Thousands of students and staff who return to Gilbert Unified School District schools in the fall will have new computers to work on.
The district is replacing 2,700 outdated computers districtwide, including at two junior highs, 15 elementary schools and older computers at its high schools, said Jean Holte, the district’s technology director.
The massive computer updating comes at the same time the Gilbert school board on Tuesday approved a district technology plan through 2013 and technology initiatives for the upcoming school year.
A technology committee began meeting in May 2007 to completely rewrite the outdated technology plan and work on the initiatives, Holte said.
“It wasn’t specific enough. It didn’t give enough direction,” she said. “If something comes up, a decision needs to be made. If it’s not already in the technology plan, we shouldn’t be doing that or we should be taking a look at it (the plan).
“We focused on initiatives we could accomplish with little or no funding,” Holte said.
One of the initiatives includes developing a districtwide professional development program to help integrate technology in the classroom.
The plan also includes a student portal accessible on the Web site where students can sign up to receive regular e-mails on any topics of interest.
Board member Elaine Morrison commended the effort and thoroughness of the plan at Tuesday’s board meeting.
“I hope we can get through it,” Morrison said.
The plan is to update the initiatives on an annual basis, Holte said.
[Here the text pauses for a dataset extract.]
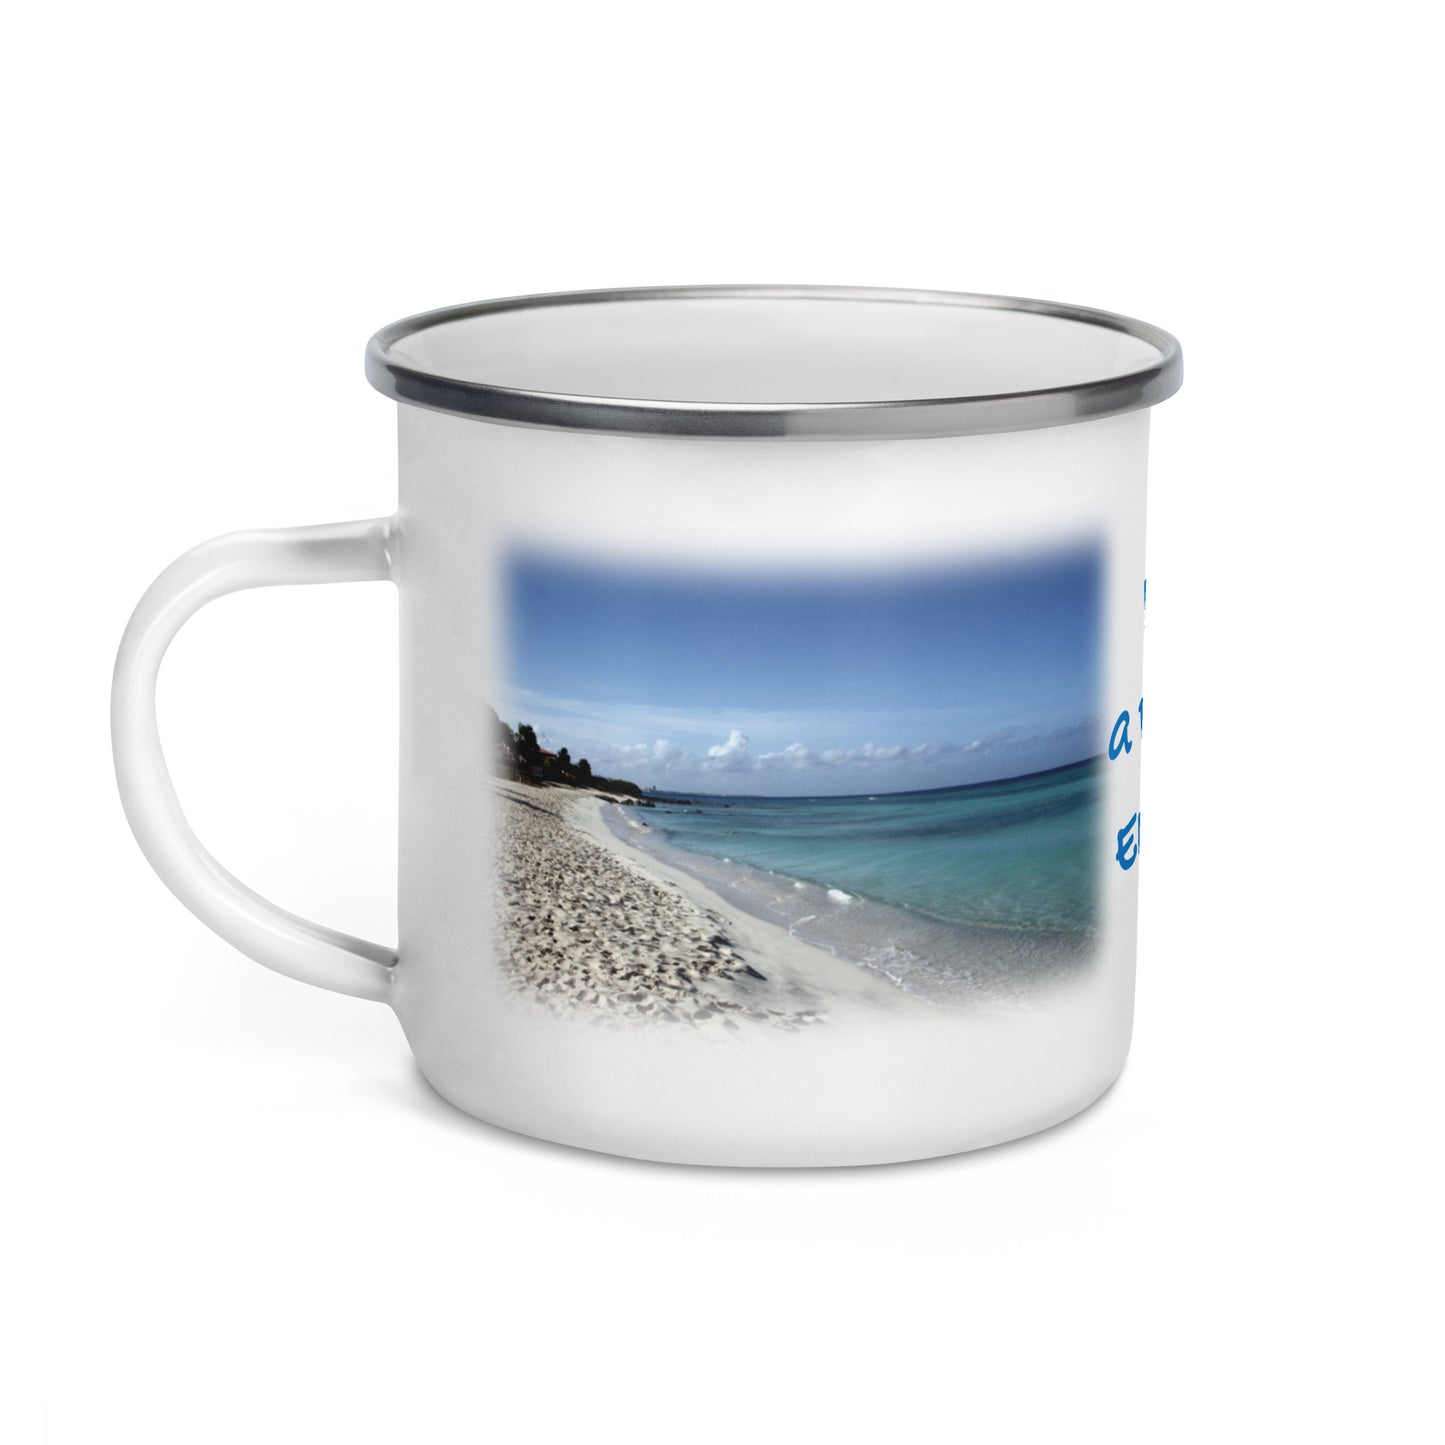 Enamel Mug - Life's a Beach!

The board also approved a short-term agreement Tuesday between Apple Inc. and the district to purchase computers that will be upgraded at the 15 elementary schools. It’s a 60-day-same-as-cash agreement with Apple for $2.26 million.
This allows the district to defer payment until funding from the $7 million technology capital budget override approved by voters last November becomes available July 1.
The district will get the computers in June and spend the month installing them.
The computers being replaced are 8 to 9 years old. The district received several hundred computers in 2000 from the School Facilities Board. However, the state didn’t have a plan to replace the computers once they became outdated, Holte said.
“The goal is to have everything up and running for the upcoming school year,” Holte said.